The statement that intelligence is irreducible to C + N is a part of the intelligent design hypothesis. Easily falsifiable by showing that C + N absent previous intelligence does indeed produce intelligence. (Back to my much repeated and consistently ignored “take some background noise [chance] and an arbitrarily chosen set of laws [law absent any consideration for future results] and see if they will produce intelligence.”
Assuming that "intelligence" is well-defined and is something akin to human mental abilities, and assuming that the hypothesis is indeed false, I would guess that such an demonstration would be quite intractable, rather than "easily" achieved. And I find your "absent previous intelligence" qualifier interesting. Is it your position that, for instance, computers can be intelligent if a previous intelligence programs them to be so?
If intelligence is mainly equated with foresight
Okay, how do we operationally define foresight? In other words, given some phenomenon X, how do I determine whether X has foresight? I can think of some approaches, but I don't want to make presumptions about your argument.

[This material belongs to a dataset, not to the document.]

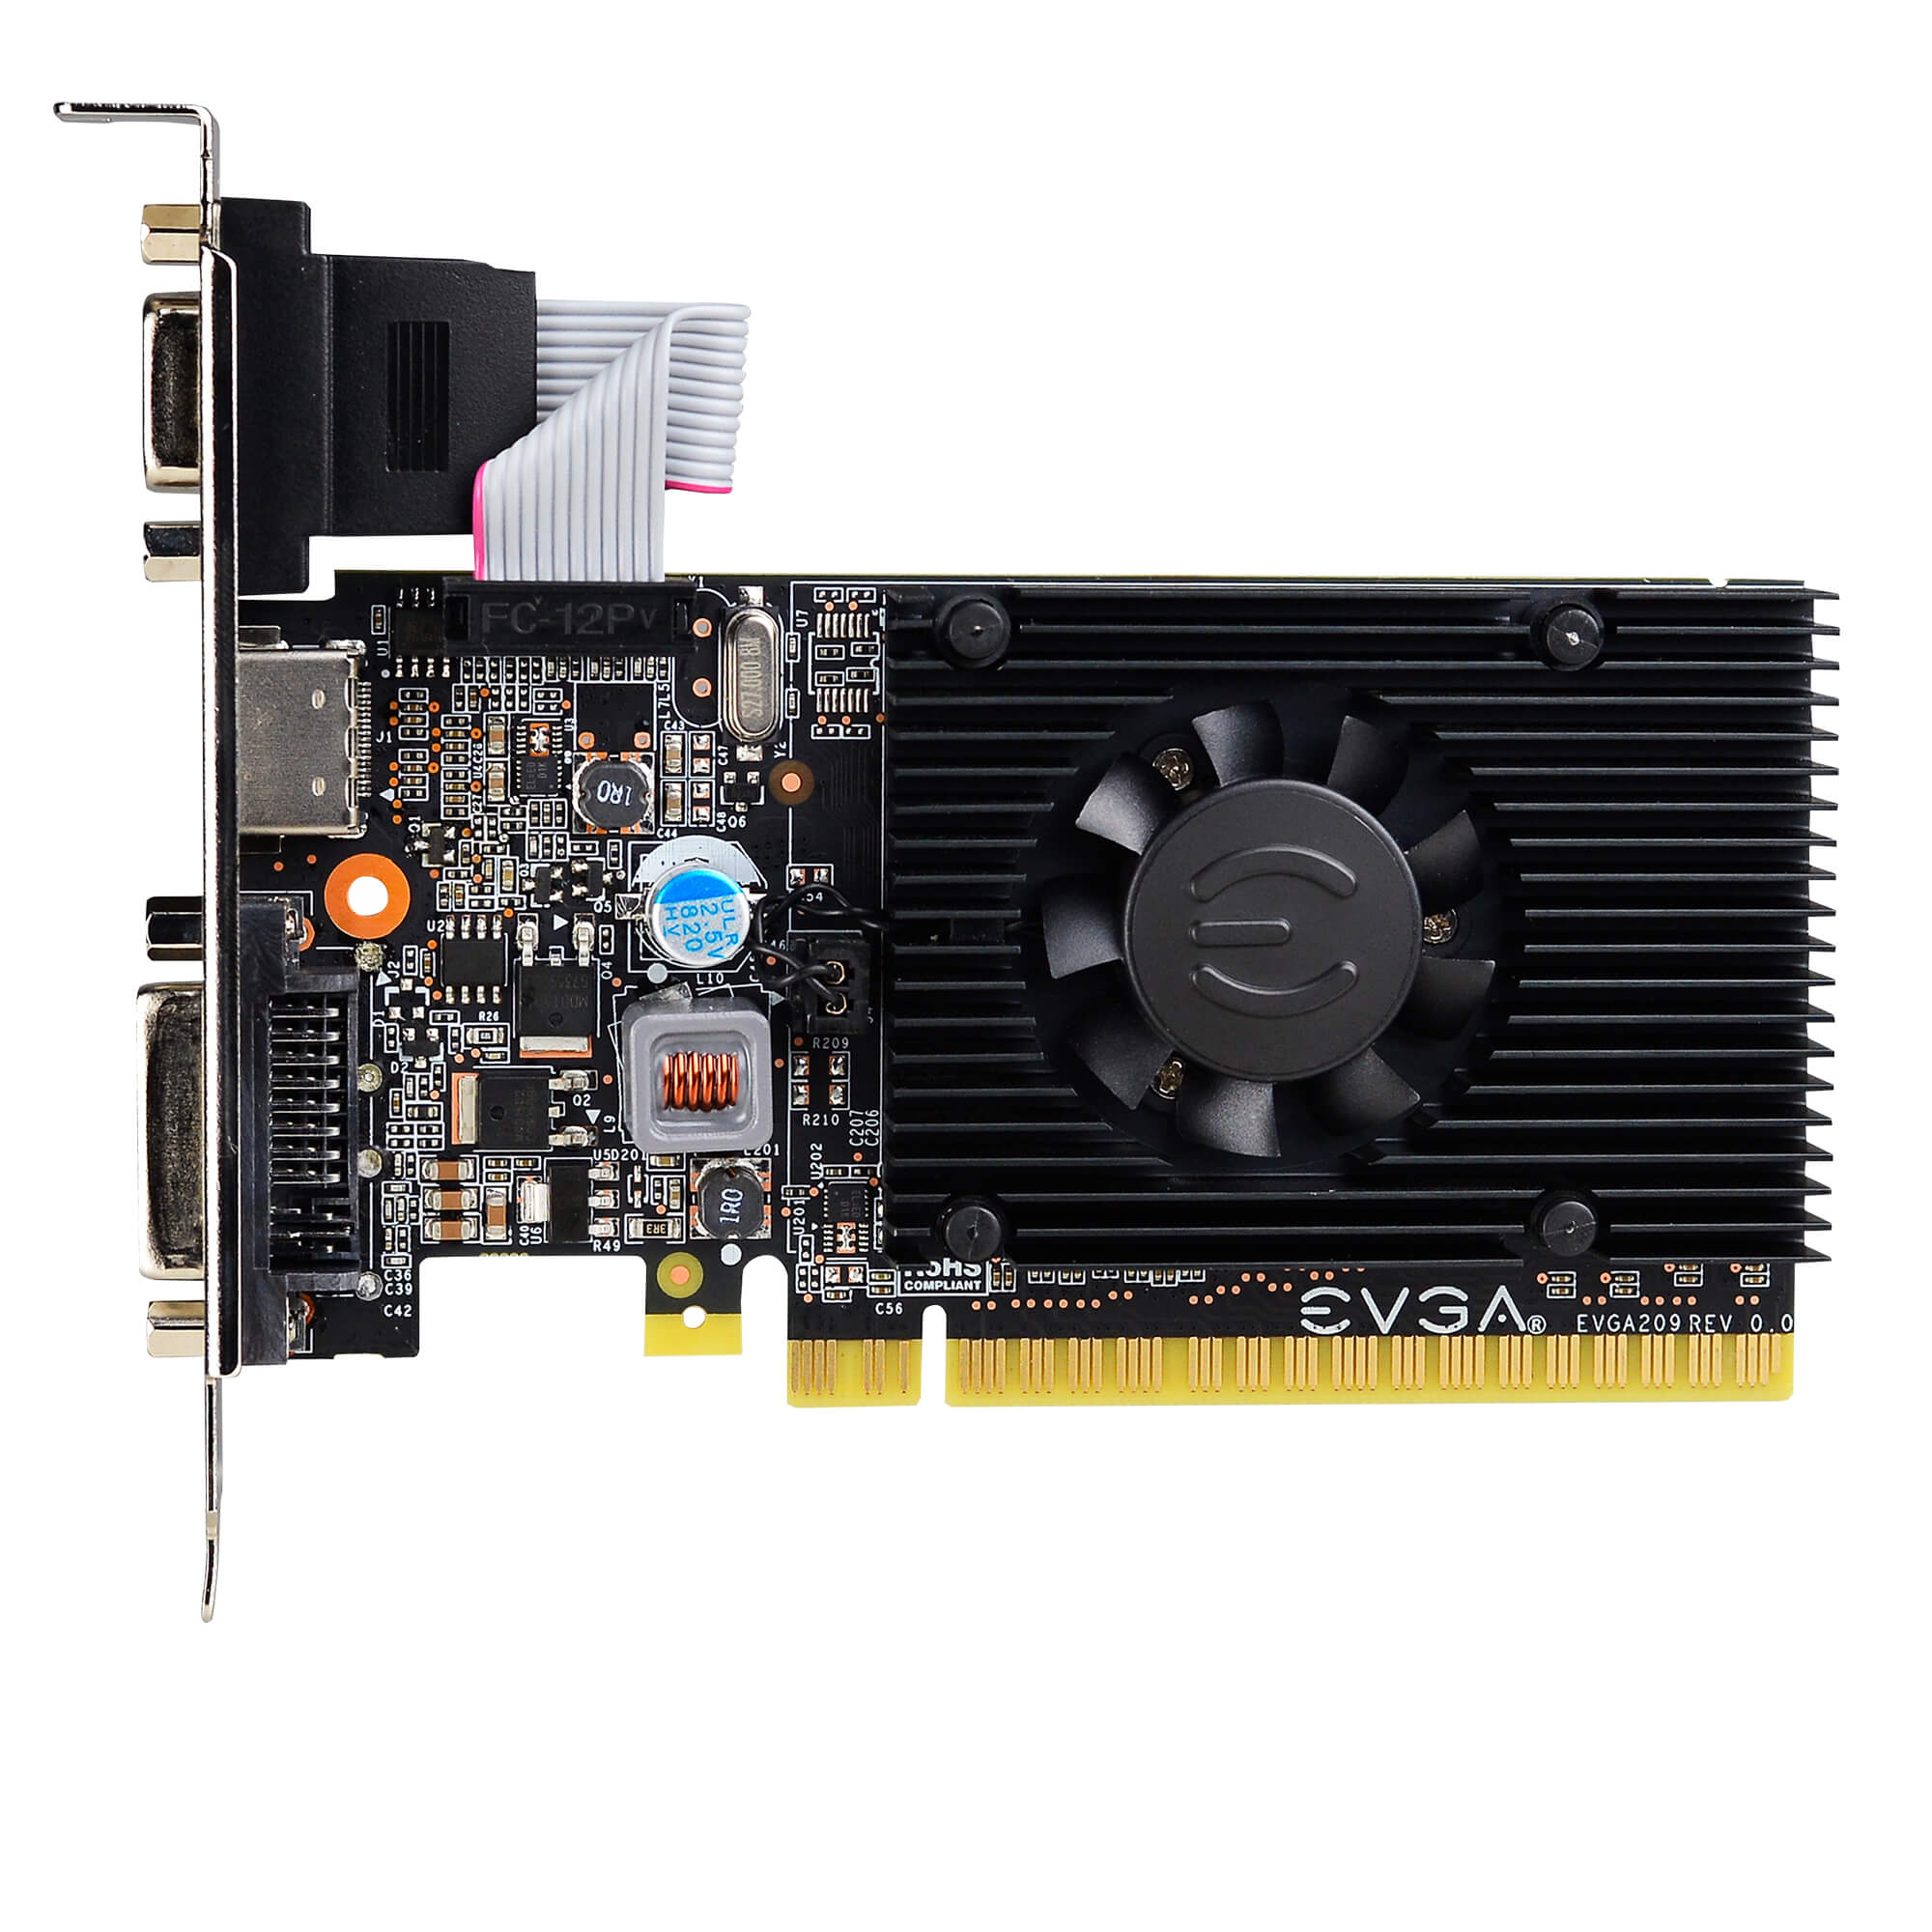 Sparkle GeForce 8400?GS 512?MB ddr3?PCI withネイティブHDMI

and if there are certain effects which foresight does indeed aid in producing yet are not described by law (as mathematical descriptions of regularity)

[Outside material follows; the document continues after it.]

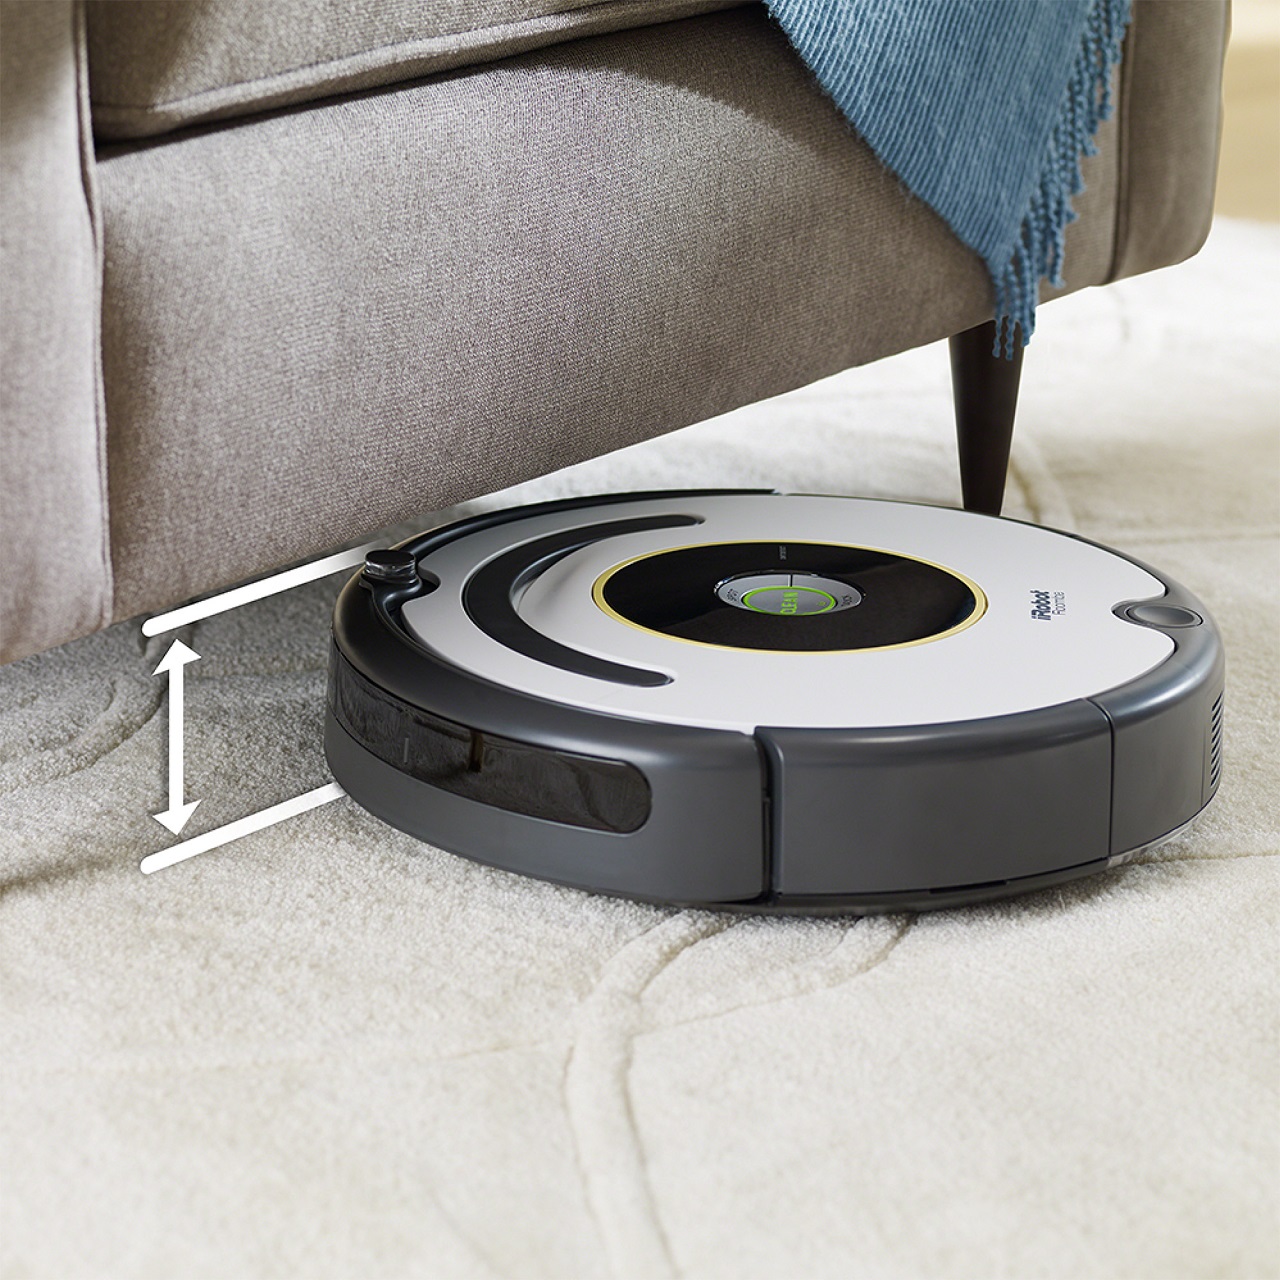 iRobot Roomba 670 Robot Vacuum-Wi-Fi Connectivity, Works with Google Home, Good for Pet Hair, Carpets, Hard Floors, Self-Charging - image 10 of 12

"Mathematical descriptions of regularity" can describe any effect. Gettysburg Address? No problem. Define a mathematical function f whose co-domain consists solely of the Gettysburg Address. By "law" to you mean all known laws of physics? All known and unknown laws? All conceivable laws?
nor best explained by chance because of extreme improbability
Improbability under what distribution(s)? Improbability of the hypothesis given the event, or the event given the hypothesis? If the latter, by what logic is the hypothesis a poor explanation? (How do we apply modus tollens to probabilistic arguments?)

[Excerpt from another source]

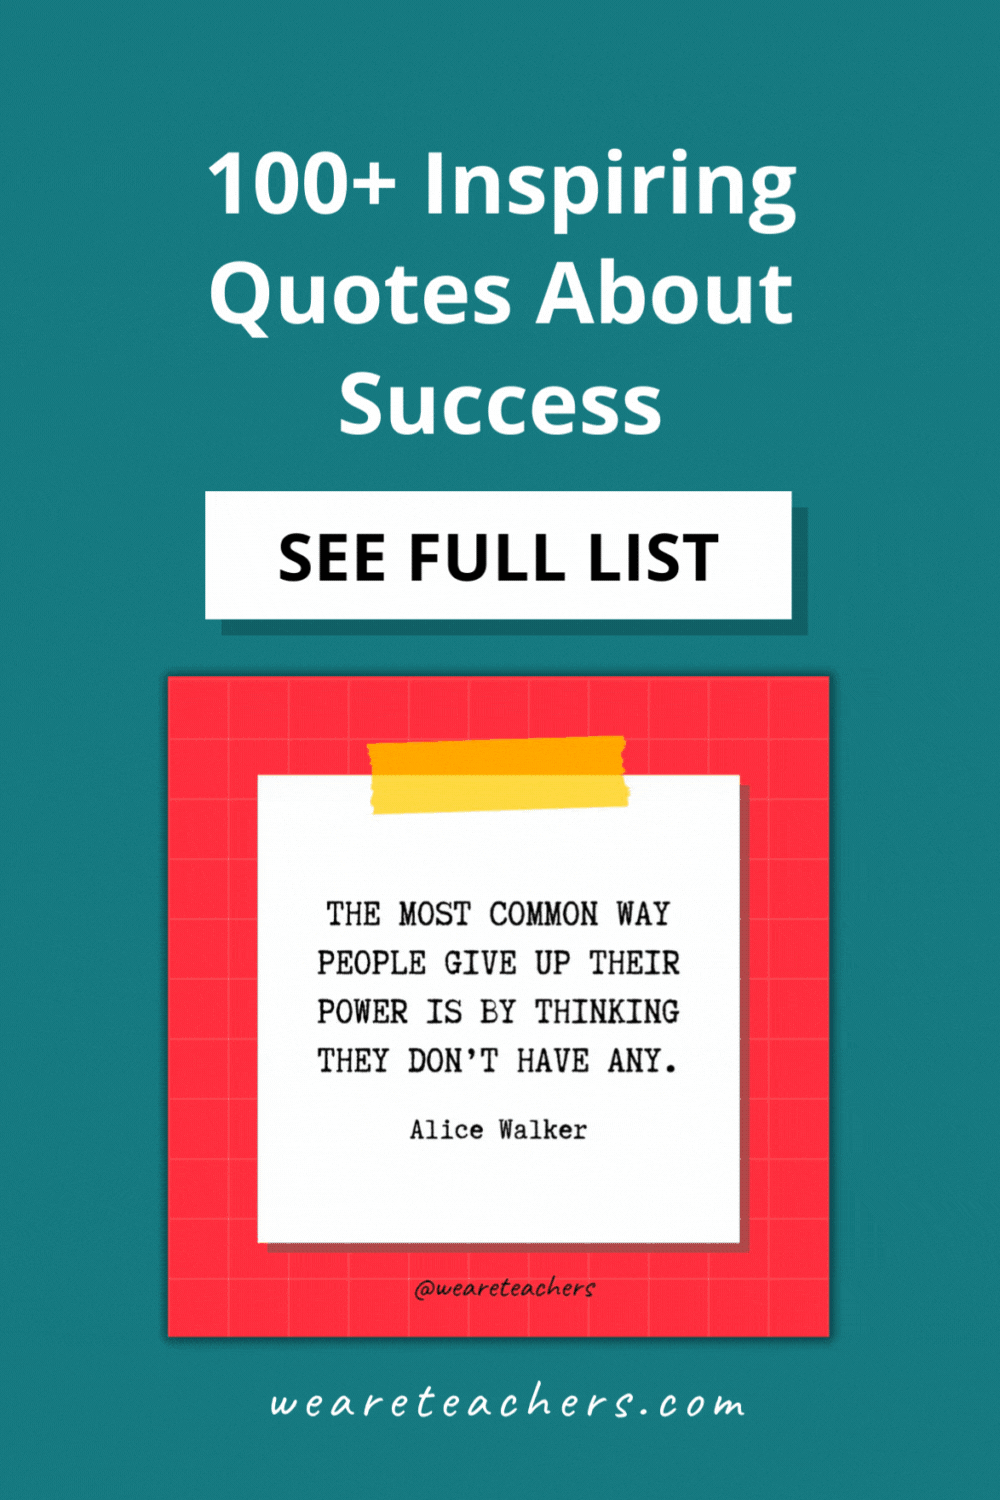 Want to motivate your students toward success? Try sharing one or more of these quotes about success during your next class meeting!

and if C + N do not intrinsically possess foresight
I'm not sure how to parse this, and it's partly because of ambiguity surrounding the terms chance and necessity. Do you mean, "If no C+N-reducible phenomenon can possibly have foresight", or "If the laws of physics cannot give rise to foresight", or "If the laws of physics are not guaranteed to give rise to foresight", or "If the abstract concepts of chance and necessity do not themselves have foresight", or something else?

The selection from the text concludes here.